222 Commits

Author SHA1 Message Date
719be9a4e9 Deploy Radarr, Sonarr, Prowlarr on file0.p.b
I had originally intended to deploy Radarr, Sonarr, and Prowlarr on
Kubernetes.  Unfortunately, this turned out to be problematic, as I
would need a way to share the download directory between Radarr/Sonar
and Aria2, and the media directory between Radarr/Sonarr and Jellyfin.
The only way I could fathom to do this would be to expose both
directories via NFS and mount that share into the pods.  I decided this
would be too much of a hassle for no real gain, at least not in the
short term.  Instead, it makes more sense to deploy the *arr suite on
the same server as Aria2 and Jellyfin, which is essentially what the
community expects.

The recommended images for deploying the applications in containers are
pretty crappy. I didn't really want to mess with trying to get the
them to work natively on Fedora, nor deal with installing them from
tarballs with Ansible, so I created my own Debian-based container images
for them and deployed those via Podman+Quadlet.  These images are
published to the _Packages_ organization in Gitea, which is not public
and requires authentication.  We can use the Kubernetes Secret to obtain
the authentication token to use to pull the image.
2025-12-03 23:05:21 -06:00
23670338b3 sonarr: Deploy Sonarr in a Podman container
The `sonarr.yml` playbook and corresponding role deploy Sonarr, the
indexer manager for the *arr suite, in a Podman container.

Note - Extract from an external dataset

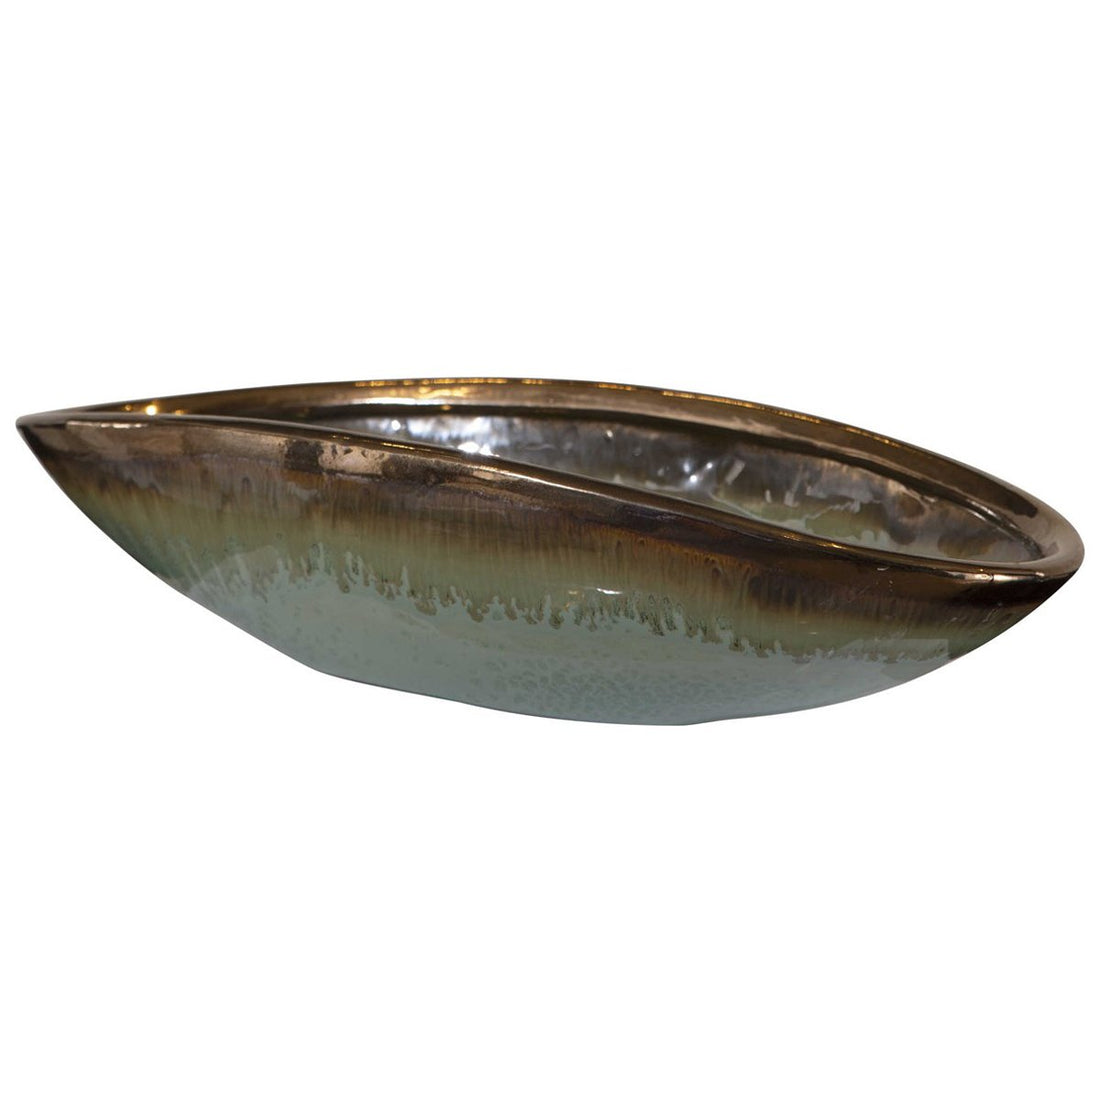 Uttermost Iroquois Green Glaze Bowl

Note that we're relocating the log files from the Sonarr AppData
directory to `/var/log/sonarr` so they can be picked up by Fluent Bit.
2025-12-03 23:00:54 -06:00
9223dbe820 prowlarr: Deploy Prowlarr in a Podman container
The `prowlarr.yml` playbook and corresponding role deploy Prowlarr, the
indexer manager for the *arr suite, in a Podman container.

Note that we're relocating the log files from the Prowlarr AppData
directory to `/var/log/prowlarr` so they can be picked up by Fluent Bit.
2025-12-03 23:00:54 -06:00
a41a3fa3d0 radarr: Deploy Radarr in a Podman container
The `radarr.yml` playbook and corresponding role deploy Radarr, the
movie library/download manager, in a Podman container.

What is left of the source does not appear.